L'apothéose des carabiniers

On pouvait lire il y a peu dans la presse que les carabiniers italiens exultaient. Ils venaient de retrouver, « après une très longue enquête, deux tableaux d'une importance artistique exceptionnelle et d'une valeur incalculable » de Bonnard et Gauguin, 40 ans après leur disparition.
Et le ministre de la Culture, flanqué du général des Carabiniers, de se féliciter à grand renfort de flashs et d'une ronflante autosatisfaction devant la presse admirative, histoire de faire oublier les casseroles monumentales que traine l'administration italienne, dans sa gestion du site de Pompéi, notamment.

Cette peinture à fresque orne depuis au moins 2000 ans un mur d'une villa de Pompéi. Les graffitis qui la couvrent et bientôt l’effaceront sont plus récents.

En réalité, à regarder attentivement, l'histoire de ces tableaux ne met pas vraiment en valeur l'expertise des gendarmes de la culture.

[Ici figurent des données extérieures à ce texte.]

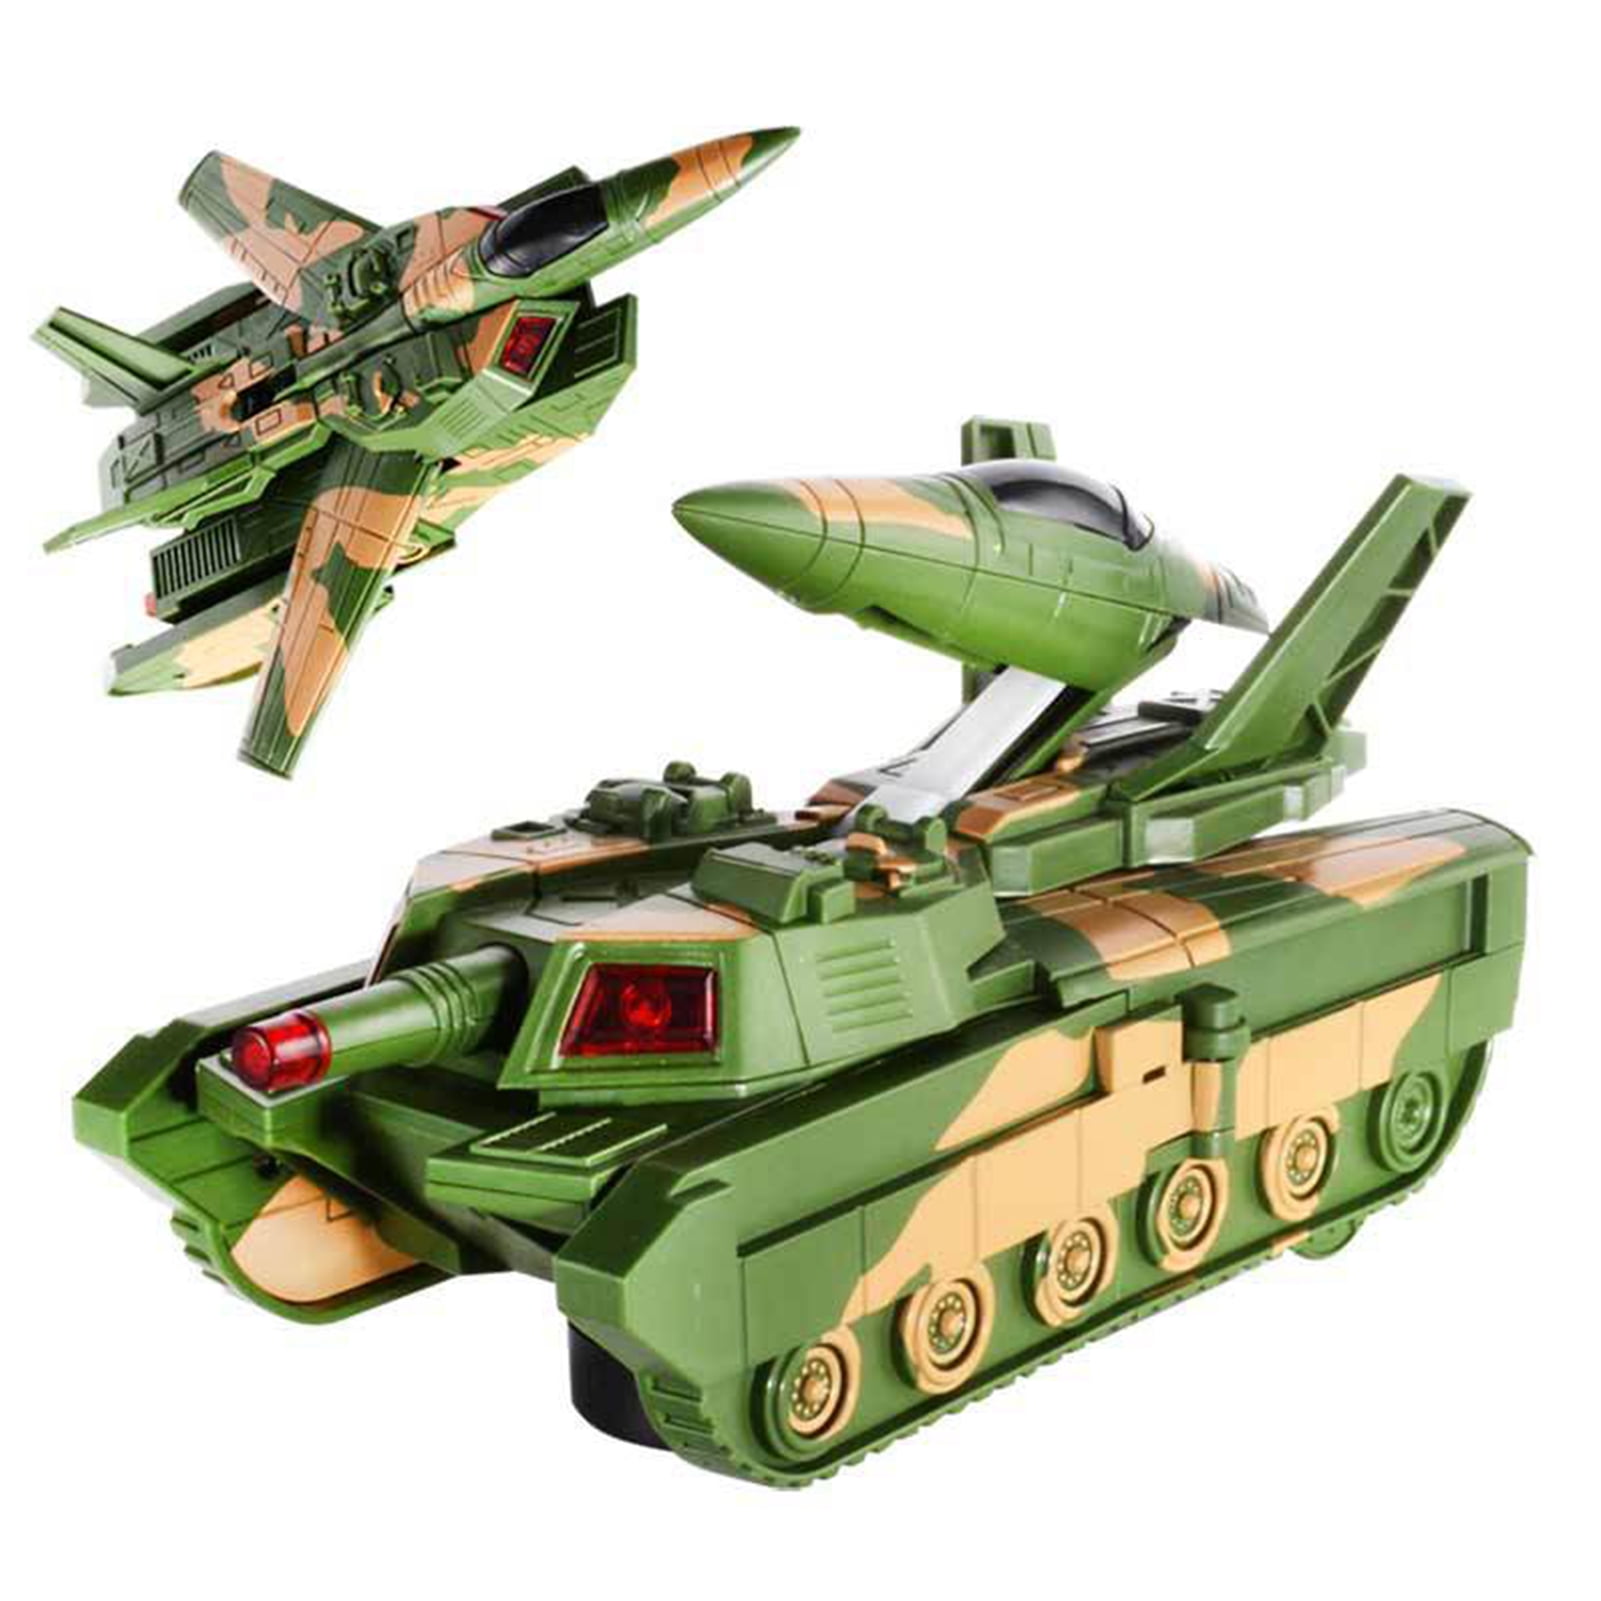 Vokodo Toy Military Fighter Truck Friction Power With Lights And Sounds TE-70

6 juin 1970, deux hommes de l'art et un policeman installent un système d'alarme dans une riche maison londonienne de Chester Terrace. Quand la domestique qui leur a préparé le thé revient de la cuisine, les trois hommes ont disparu avec deux toiles de maitre découpées au cutter dans leur cadre. Un classique du genre.

Peu de temps après, les deux toiles sont trouvées abandonnées dans le train Paris-Turin. À Turin personne ne fait le lien avec les tableaux volés. Elles sont alors déposées aux objets trouvés de la gare et y resteront cinq ans. Pourtant, le style de Gauguin est nettement reconnaissable sur l'une, et surtout l'autre arbore en bas à gauche une signature rouge où on lit assez nettement « Bonnard ».

Au printemps 1975, elles sont vendues aux enchères par l'administration des chemins de fer parmi un lot d'objets non réclamés. Un peu disputées, elles sont finalement emportées pour l'équivalent d'une semaine de son salaire par un ouvrier des usines Fiat passionné de peinture.
Et il les admirera durant 38 ans, dans sa cuisine à Turin puis à Syracuse en Sicile où il prendra sa retraite.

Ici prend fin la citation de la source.